(THE DATA Opens)
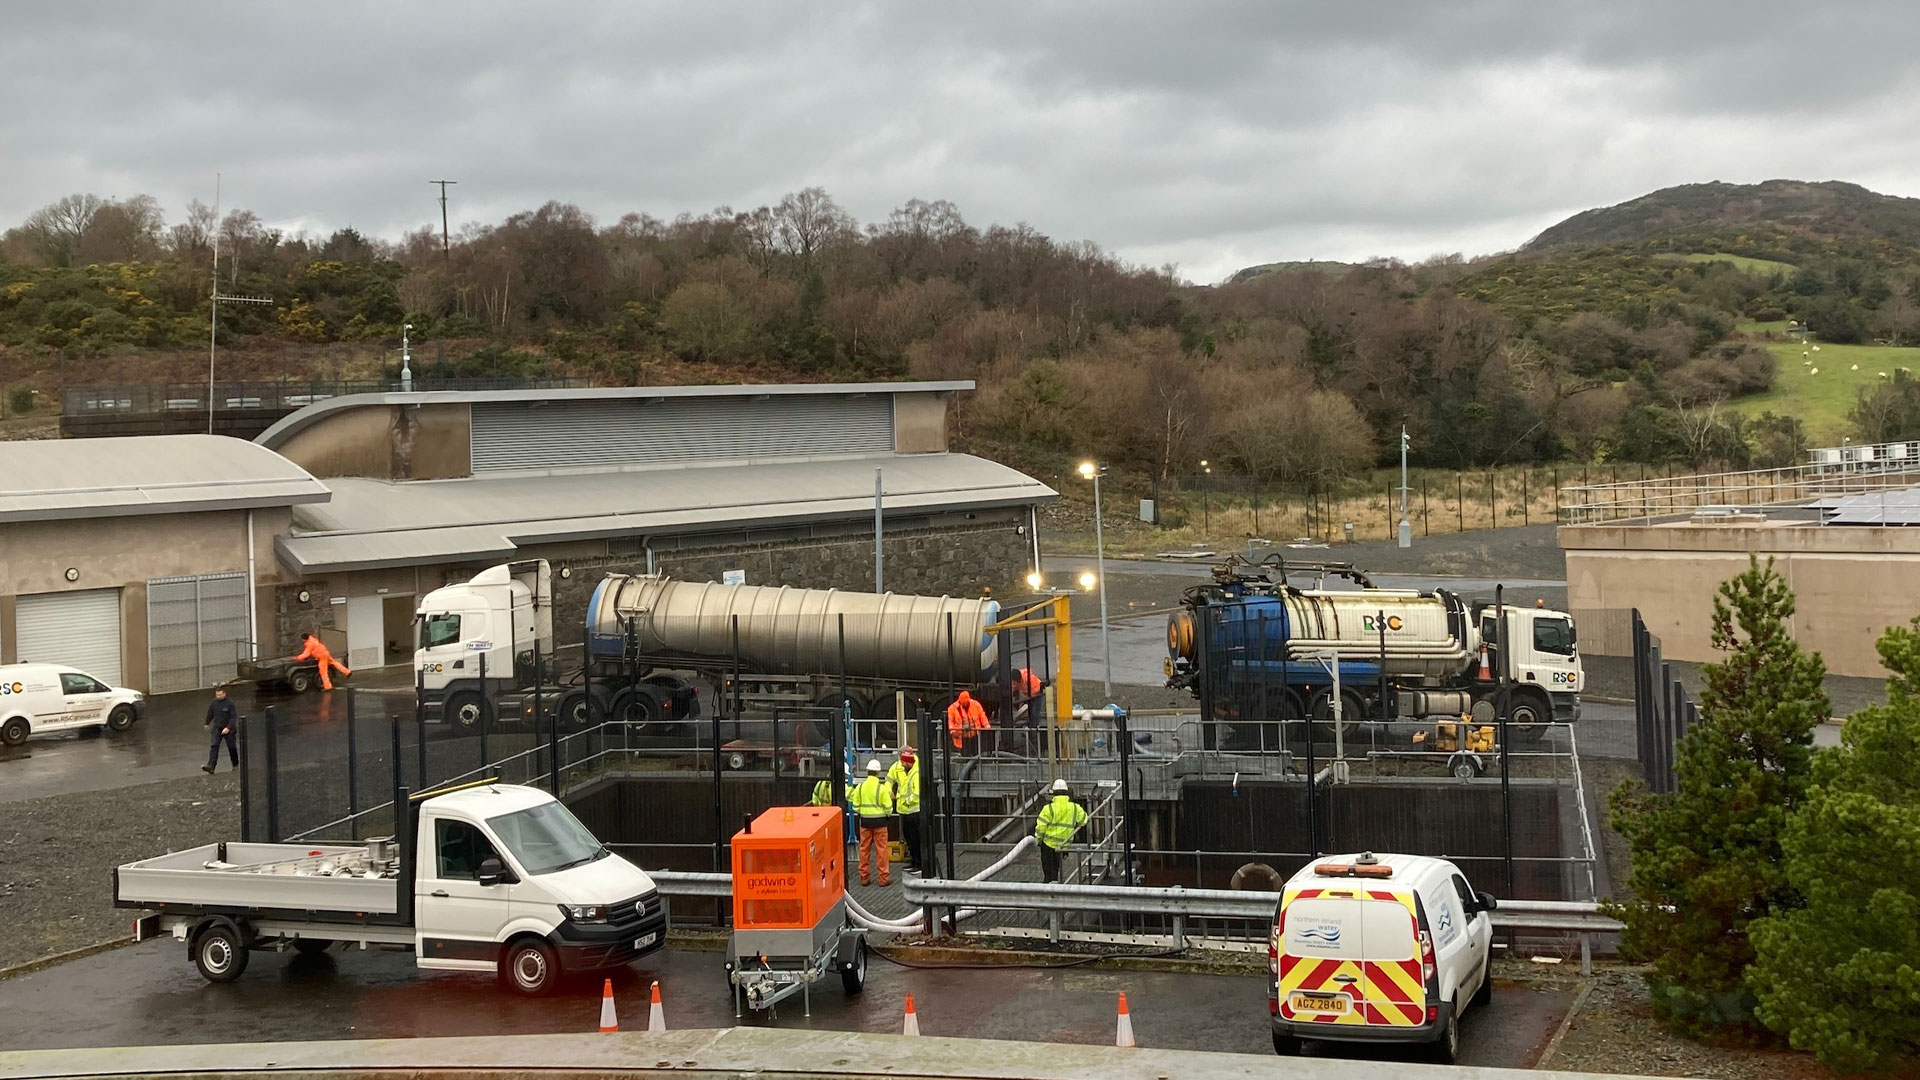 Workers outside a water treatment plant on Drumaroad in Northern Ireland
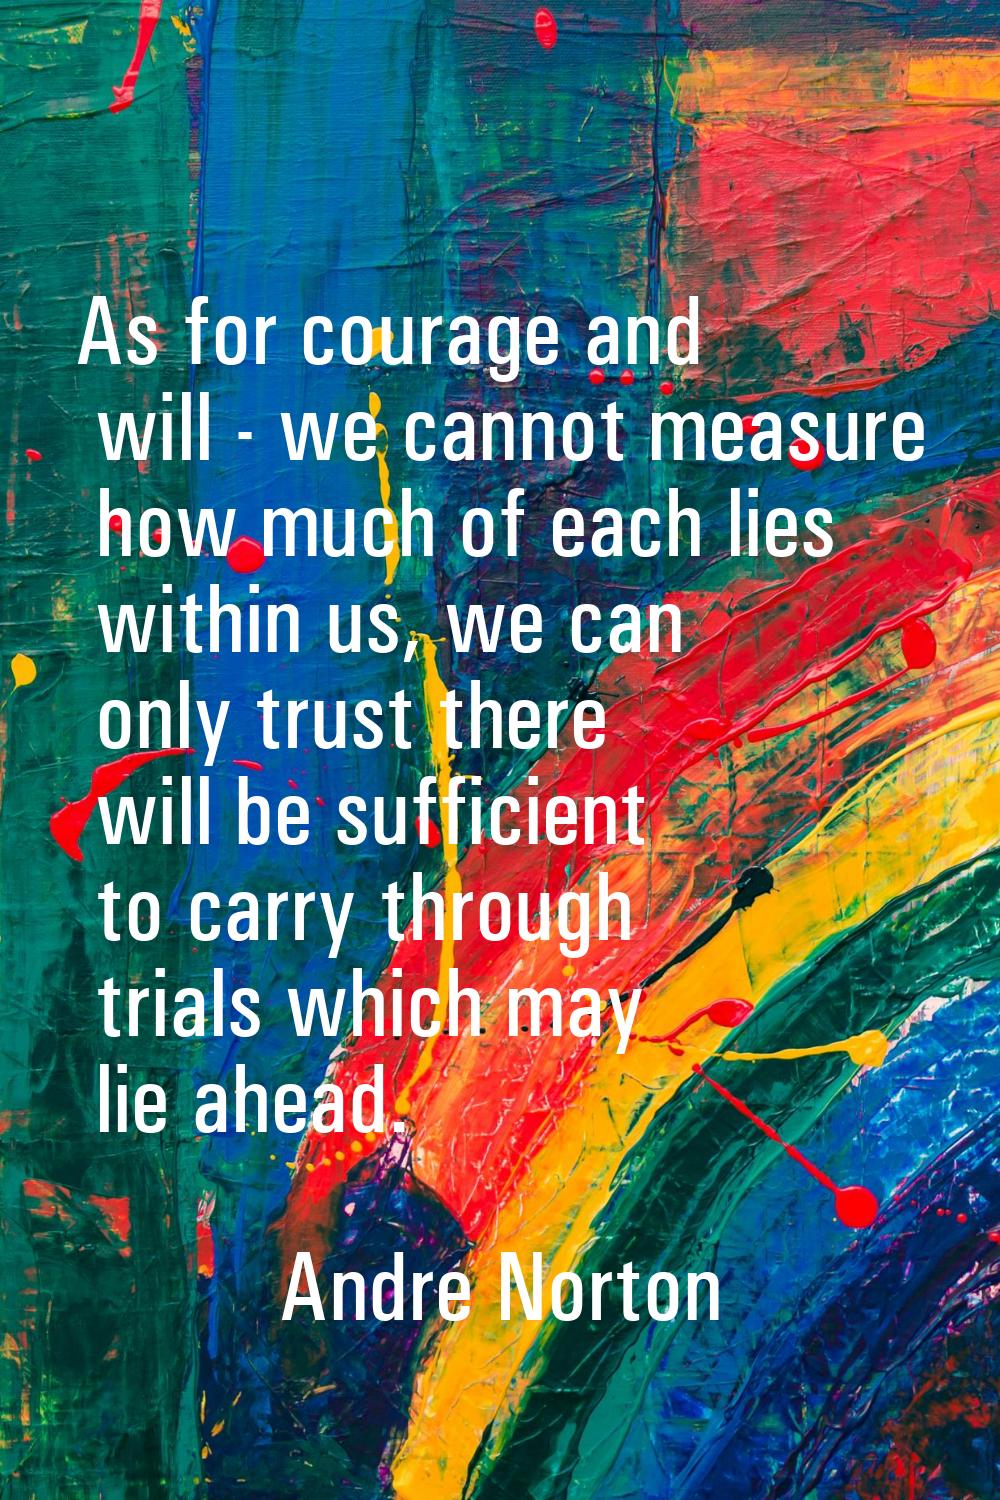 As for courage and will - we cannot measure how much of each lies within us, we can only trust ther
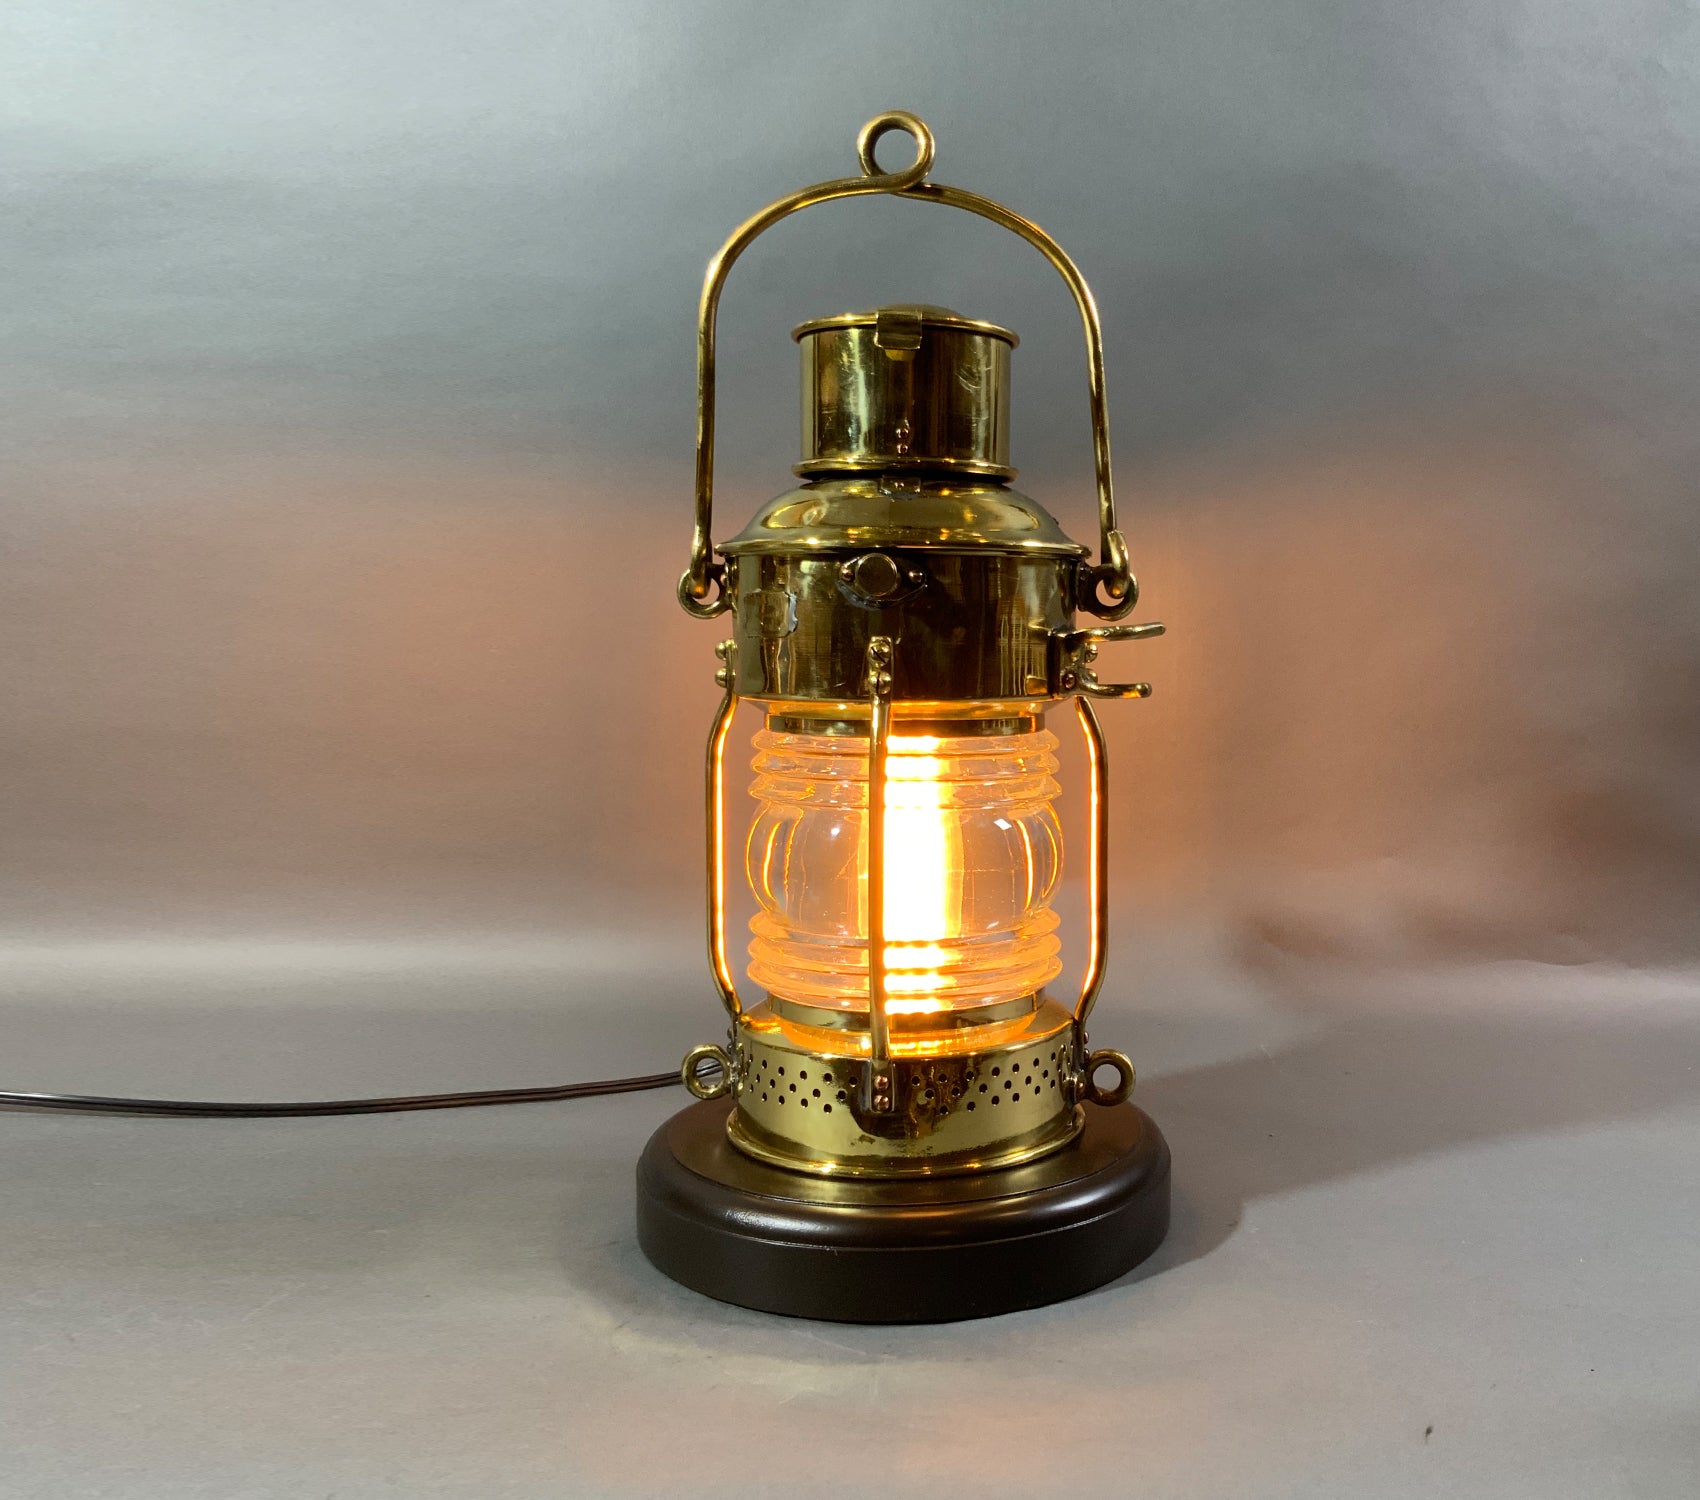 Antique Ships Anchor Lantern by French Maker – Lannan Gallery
(THE DATA Closes)
For this exercise, transcribe the data exactly but without its pictures.

§ EXERCISE SOLUTION:
 Workers outside a water treatment plant on Drumaroad in Northern Ireland
 As for courage and will - we cannot measure how much of each lies within us, we can only trust ther
 Antique Ships Anchor Lantern by French Maker – Lannan Gallery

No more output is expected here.